Output the material exactly, with every line intact.

****************

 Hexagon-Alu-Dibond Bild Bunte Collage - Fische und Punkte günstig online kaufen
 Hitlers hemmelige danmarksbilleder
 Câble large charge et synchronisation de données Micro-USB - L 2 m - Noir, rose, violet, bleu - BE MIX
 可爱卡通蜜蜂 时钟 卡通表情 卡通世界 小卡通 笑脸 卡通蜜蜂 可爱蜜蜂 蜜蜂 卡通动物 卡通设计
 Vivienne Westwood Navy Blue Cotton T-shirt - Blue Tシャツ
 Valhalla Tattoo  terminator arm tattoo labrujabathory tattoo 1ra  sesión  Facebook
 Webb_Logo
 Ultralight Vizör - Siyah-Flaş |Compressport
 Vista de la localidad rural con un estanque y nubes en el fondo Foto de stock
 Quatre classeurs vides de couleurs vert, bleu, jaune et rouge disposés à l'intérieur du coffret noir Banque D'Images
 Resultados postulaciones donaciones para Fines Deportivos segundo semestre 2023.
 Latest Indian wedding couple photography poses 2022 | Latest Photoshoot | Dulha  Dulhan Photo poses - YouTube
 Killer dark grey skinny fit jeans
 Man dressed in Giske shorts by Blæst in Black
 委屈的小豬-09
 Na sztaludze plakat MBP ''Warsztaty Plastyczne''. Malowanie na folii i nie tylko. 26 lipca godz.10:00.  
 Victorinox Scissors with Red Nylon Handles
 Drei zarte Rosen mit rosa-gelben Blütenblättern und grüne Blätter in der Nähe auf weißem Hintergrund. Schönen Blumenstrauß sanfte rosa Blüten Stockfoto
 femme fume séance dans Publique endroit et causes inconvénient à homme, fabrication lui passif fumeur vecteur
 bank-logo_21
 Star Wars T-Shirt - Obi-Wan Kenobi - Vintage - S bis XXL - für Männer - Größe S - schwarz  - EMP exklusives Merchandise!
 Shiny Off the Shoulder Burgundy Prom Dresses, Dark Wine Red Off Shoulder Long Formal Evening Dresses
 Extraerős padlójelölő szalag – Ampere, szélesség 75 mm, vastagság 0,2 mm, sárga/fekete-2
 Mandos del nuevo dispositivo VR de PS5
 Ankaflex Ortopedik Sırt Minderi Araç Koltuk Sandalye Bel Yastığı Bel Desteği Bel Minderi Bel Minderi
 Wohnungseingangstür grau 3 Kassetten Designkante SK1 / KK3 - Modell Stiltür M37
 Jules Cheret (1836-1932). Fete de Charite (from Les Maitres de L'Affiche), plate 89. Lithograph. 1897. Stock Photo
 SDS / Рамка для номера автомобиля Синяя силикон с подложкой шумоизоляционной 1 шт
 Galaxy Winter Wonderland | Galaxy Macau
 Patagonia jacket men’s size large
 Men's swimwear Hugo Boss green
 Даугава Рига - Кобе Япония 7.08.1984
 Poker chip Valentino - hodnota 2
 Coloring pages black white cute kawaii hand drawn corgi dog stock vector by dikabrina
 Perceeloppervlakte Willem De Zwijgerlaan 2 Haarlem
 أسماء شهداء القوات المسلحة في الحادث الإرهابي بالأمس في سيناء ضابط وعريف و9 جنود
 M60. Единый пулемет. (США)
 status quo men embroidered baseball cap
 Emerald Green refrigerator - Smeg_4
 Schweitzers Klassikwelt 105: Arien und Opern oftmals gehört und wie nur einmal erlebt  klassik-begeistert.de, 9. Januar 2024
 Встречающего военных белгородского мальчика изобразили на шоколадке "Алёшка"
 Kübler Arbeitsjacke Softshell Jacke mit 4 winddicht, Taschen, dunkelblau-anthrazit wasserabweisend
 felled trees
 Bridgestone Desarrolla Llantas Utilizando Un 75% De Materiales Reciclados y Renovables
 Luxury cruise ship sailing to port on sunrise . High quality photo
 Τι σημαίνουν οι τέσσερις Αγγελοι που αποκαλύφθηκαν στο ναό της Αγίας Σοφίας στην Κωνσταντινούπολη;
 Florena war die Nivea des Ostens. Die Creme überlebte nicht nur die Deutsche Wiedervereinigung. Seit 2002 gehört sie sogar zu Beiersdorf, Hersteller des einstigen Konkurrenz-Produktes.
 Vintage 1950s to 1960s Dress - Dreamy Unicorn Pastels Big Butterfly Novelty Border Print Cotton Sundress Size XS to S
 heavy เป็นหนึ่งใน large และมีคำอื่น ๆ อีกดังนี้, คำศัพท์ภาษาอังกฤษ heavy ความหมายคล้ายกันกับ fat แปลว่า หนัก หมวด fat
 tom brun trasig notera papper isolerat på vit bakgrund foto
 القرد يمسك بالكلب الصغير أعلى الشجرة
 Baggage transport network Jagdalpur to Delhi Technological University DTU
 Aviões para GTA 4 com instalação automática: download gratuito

****************

RESULT OF THIS EXERCISE ▸
 Hexagon-Alu-Dibond Bild Bunte Collage - Fische und Punkte günstig online kaufen
 Hitlers hemmelige danmarksbilleder
 Câble large charge et synchronisation de données Micro-USB - L 2 m - Noir, rose, violet, bleu - BE MIX
 可爱卡通蜜蜂 时钟 卡通表情 卡通世界 小卡通 笑脸 卡通蜜蜂 可爱蜜蜂 蜜蜂 卡通动物 卡通设计
 Vivienne Westwood Navy Blue Cotton T-shirt - Blue Tシャツ
 Valhalla Tattoo  terminator arm tattoo labrujabathory tattoo 1ra  sesión  Facebook
 Webb_Logo
 Ultralight Vizör - Siyah-Flaş |Compressport
 Vista de la localidad rural con un estanque y nubes en el fondo Foto de stock
 Quatre classeurs vides de couleurs vert, bleu, jaune et rouge disposés à l'intérieur du coffret noir Banque D'Images
 Resultados postulaciones donaciones para Fines Deportivos segundo semestre 2023.
 Latest Indian wedding couple photography poses 2022 | Latest Photoshoot | Dulha  Dulhan Photo poses - YouTube
 Killer dark grey skinny fit jeans
 Man dressed in Giske shorts by Blæst in Black
 委屈的小豬-09
 Na sztaludze plakat MBP ''Warsztaty Plastyczne''. Malowanie na folii i nie tylko. 26 lipca godz.10:00.  
 Victorinox Scissors with Red Nylon Handles
 Drei zarte Rosen mit rosa-gelben Blütenblättern und grüne Blätter in der Nähe auf weißem Hintergrund. Schönen Blumenstrauß sanfte rosa Blüten Stockfoto
 femme fume séance dans Publique endroit et causes inconvénient à homme, fabrication lui passif fumeur vecteur
 bank-logo_21
 Star Wars T-Shirt - Obi-Wan Kenobi - Vintage - S bis XXL - für Männer - Größe S - schwarz  - EMP exklusives Merchandise!
 Shiny Off the Shoulder Burgundy Prom Dresses, Dark Wine Red Off Shoulder Long Formal Evening Dresses
 Extraerős padlójelölő szalag – Ampere, szélesség 75 mm, vastagság 0,2 mm, sárga/fekete-2
 Mandos del nuevo dispositivo VR de PS5
 Ankaflex Ortopedik Sırt Minderi Araç Koltuk Sandalye Bel Yastığı Bel Desteği Bel Minderi Bel Minderi
 Wohnungseingangstür grau 3 Kassetten Designkante SK1 / KK3 - Modell Stiltür M37
 Jules Cheret (1836-1932). Fete de Charite (from Les Maitres de L'Affiche), plate 89. Lithograph. 1897. Stock Photo
 SDS / Рамка для номера автомобиля Синяя силикон с подложкой шумоизоляционной 1 шт
 Galaxy Winter Wonderland | Galaxy Macau
 Patagonia jacket men’s size large
 Men's swimwear Hugo Boss green
 Даугава Рига - Кобе Япония 7.08.1984
 Poker chip Valentino - hodnota 2
 Coloring pages black white cute kawaii hand drawn corgi dog stock vector by dikabrina
 Perceeloppervlakte Willem De Zwijgerlaan 2 Haarlem
 أسماء شهداء القوات المسلحة في الحادث الإرهابي بالأمس في سيناء ضابط وعريف و9 جنود
 M60. Единый пулемет. (США)
 status quo men embroidered baseball cap
 Emerald Green refrigerator - Smeg_4
 Schweitzers Klassikwelt 105: Arien und Opern oftmals gehört und wie nur einmal erlebt  klassik-begeistert.de, 9. Januar 2024
 Встречающего военных белгородского мальчика изобразили на шоколадке "Алёшка"
 Kübler Arbeitsjacke Softshell Jacke mit 4 winddicht, Taschen, dunkelblau-anthrazit wasserabweisend
 felled trees
 Bridgestone Desarrolla Llantas Utilizando Un 75% De Materiales Reciclados y Renovables
 Luxury cruise ship sailing to port on sunrise . High quality photo
 Τι σημαίνουν οι τέσσερις Αγγελοι που αποκαλύφθηκαν στο ναό της Αγίας Σοφίας στην Κωνσταντινούπολη;
 Florena war die Nivea des Ostens. Die Creme überlebte nicht nur die Deutsche Wiedervereinigung. Seit 2002 gehört sie sogar zu Beiersdorf, Hersteller des einstigen Konkurrenz-Produktes.
 Vintage 1950s to 1960s Dress - Dreamy Unicorn Pastels Big Butterfly Novelty Border Print Cotton Sundress Size XS to S
 heavy เป็นหนึ่งใน large และมีคำอื่น ๆ อีกดังนี้, คำศัพท์ภาษาอังกฤษ heavy ความหมายคล้ายกันกับ fat แปลว่า หนัก หมวด fat
 tom brun trasig notera papper isolerat på vit bakgrund foto
 القرد يمسك بالكلب الصغير أعلى الشجرة
 Baggage transport network Jagdalpur to Delhi Technological University DTU
 Aviões para GTA 4 com instalação automática: download gratuito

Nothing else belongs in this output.